**ASSIGNED TASK:**
Only one stretch of the listing below is wanted. Begin at the line that has "Clippers de Los", stop after the line that has "Всероссийский фестиваль науки Nauka 0+", and repeat every line in between exactly.

**EXTRACTED DATA:**
******

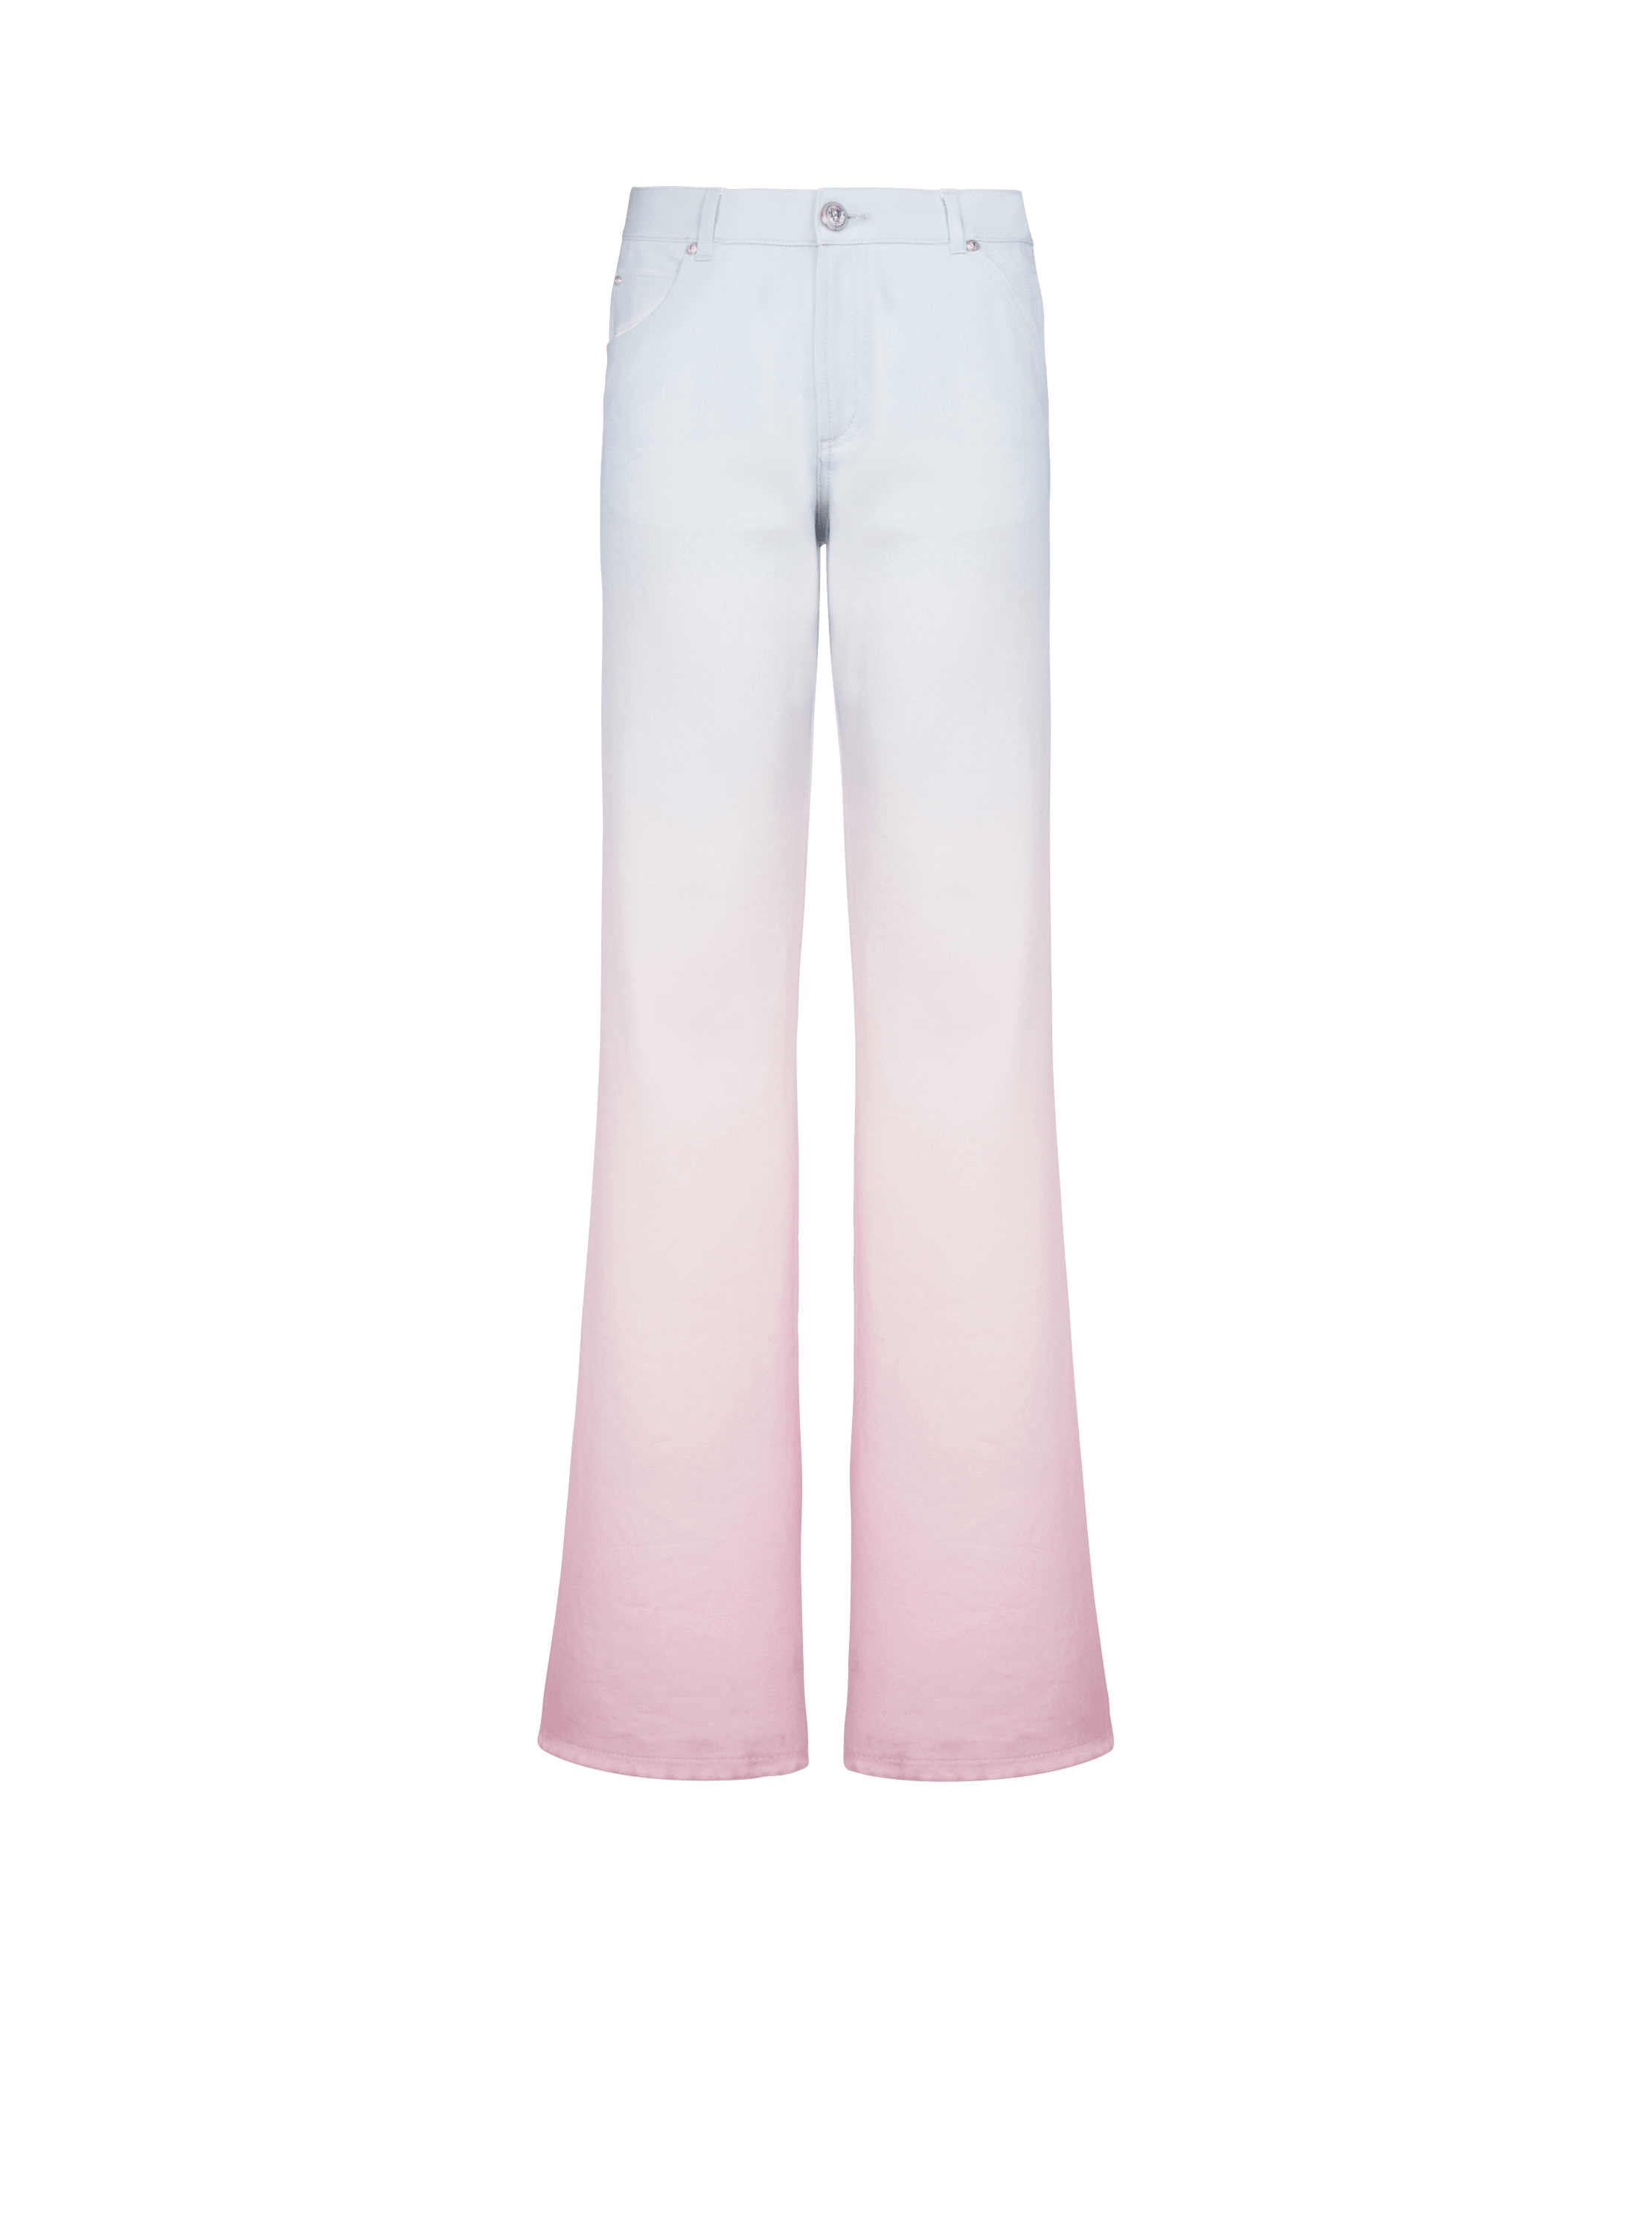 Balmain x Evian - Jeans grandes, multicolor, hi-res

******

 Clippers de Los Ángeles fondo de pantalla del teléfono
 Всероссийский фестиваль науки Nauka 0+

******

**FINISHED TASK:**
 Clippers de Los Ángeles fondo de pantalla del teléfono
 Всероссийский фестиваль науки Nauka 0+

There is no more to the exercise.